I experience seasonal affective disorder during the short days of winter. I attribute it to being cooped up in an office during the daylight hours. I think that if I could be outdoors in the early afternoon, the depression would go away.

I have heard that using a certain type of light at your desk can help improve your mood if you are experiencing SAD. The bright light it emits supposedly tricks you into thinking you are getting sunlight.

I should probably try it, though I’m pretty sure I need to get out and experience nature to feel truly fulfilled. I would be okay with the sun setting at 4:30 p.m. if I could get off work at 2:00!

Post 2

I see photoperiodism in my dog with the changing seasons. During the summer, his coat becomes all mottled, and he looks diseased. The first time it happened, I took him to the vet, because I was afraid he had mange.

She told me that his fur was about to go through a major shedding, and it was perfectly normal for his coat to look this way. She recommended that I brush his fur to encourage the process along and make him more attractive.

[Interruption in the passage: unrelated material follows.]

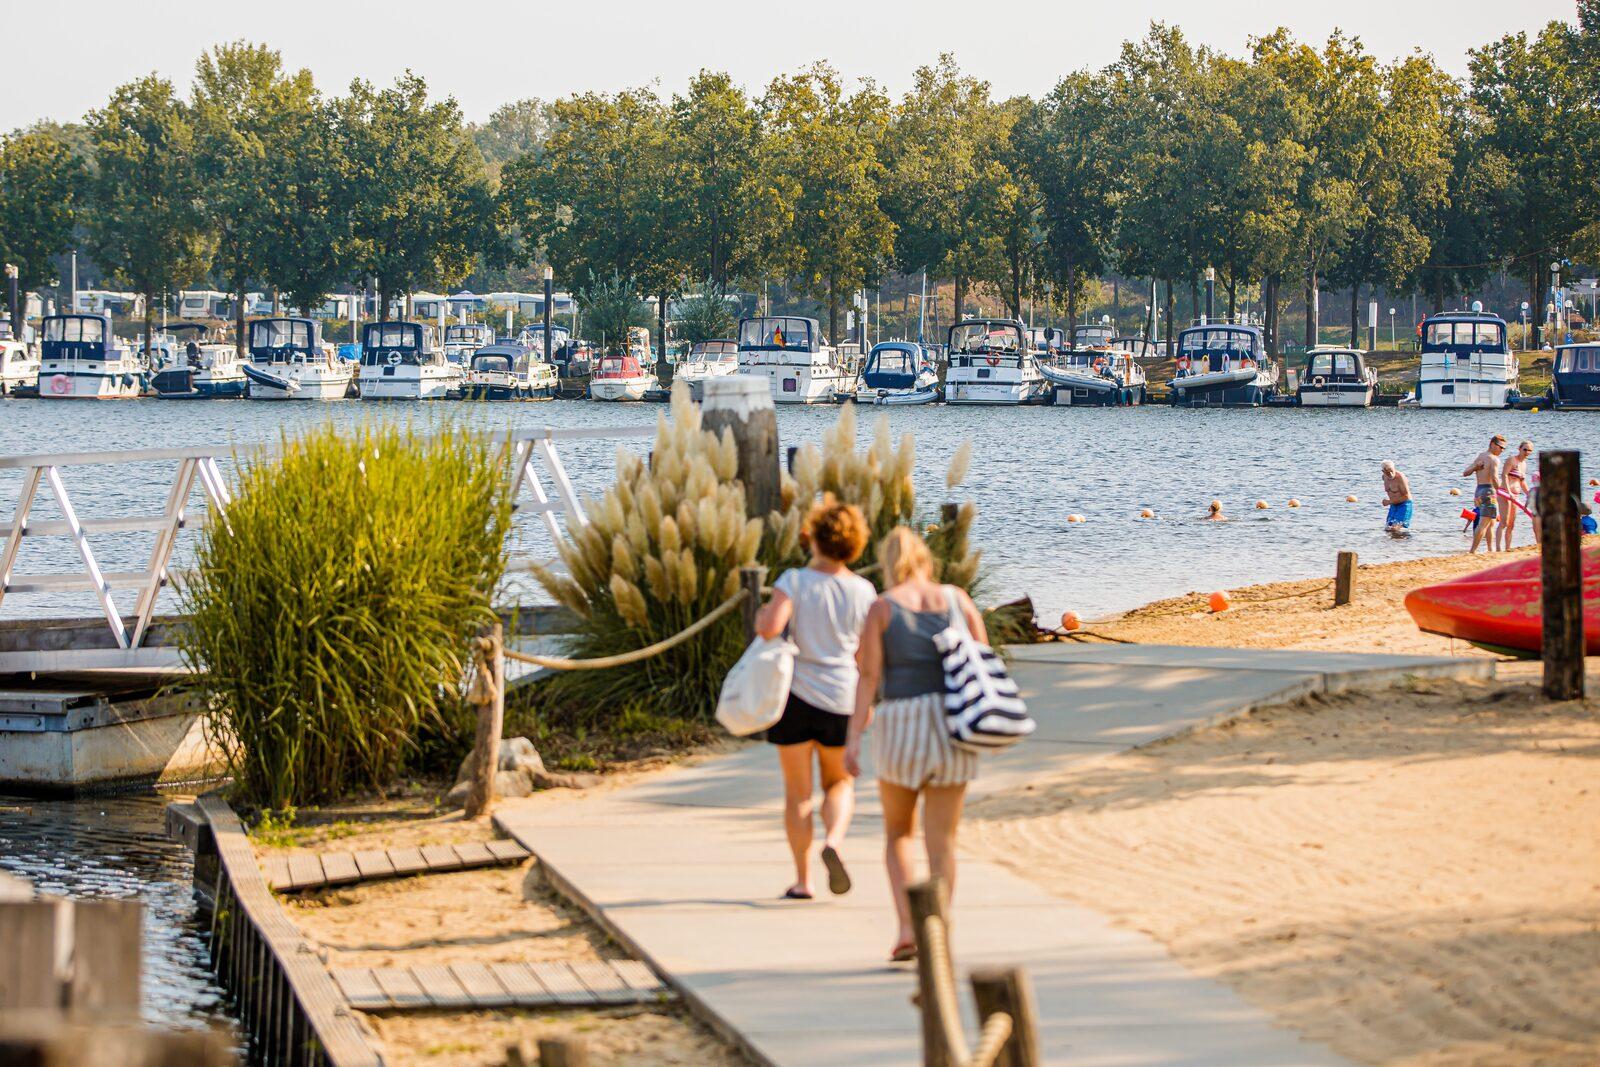 Limburg beaches

In the winter, he gets a bit bushier. His coat becomes darker and solid, and it shows no signs of discoloration.

Post 1

I find it fascinating that plants actually lean toward the sun. I have seen several plants that change their growth patterns and develop a permanent slant in the direction of the sunlight.

Leaning plants can look a little strange, but you can manipulate them into straightening up by blocking the light from all angles except directly above. I did this by planting shorter shrubs around my taller slanting rosebushes, and they straightened up rather quickly.

Another option is to plant your flowers or bushes in areas that receive full sunlight all day. They won’t need to reach in any certain direction, because light will shine on them at all times.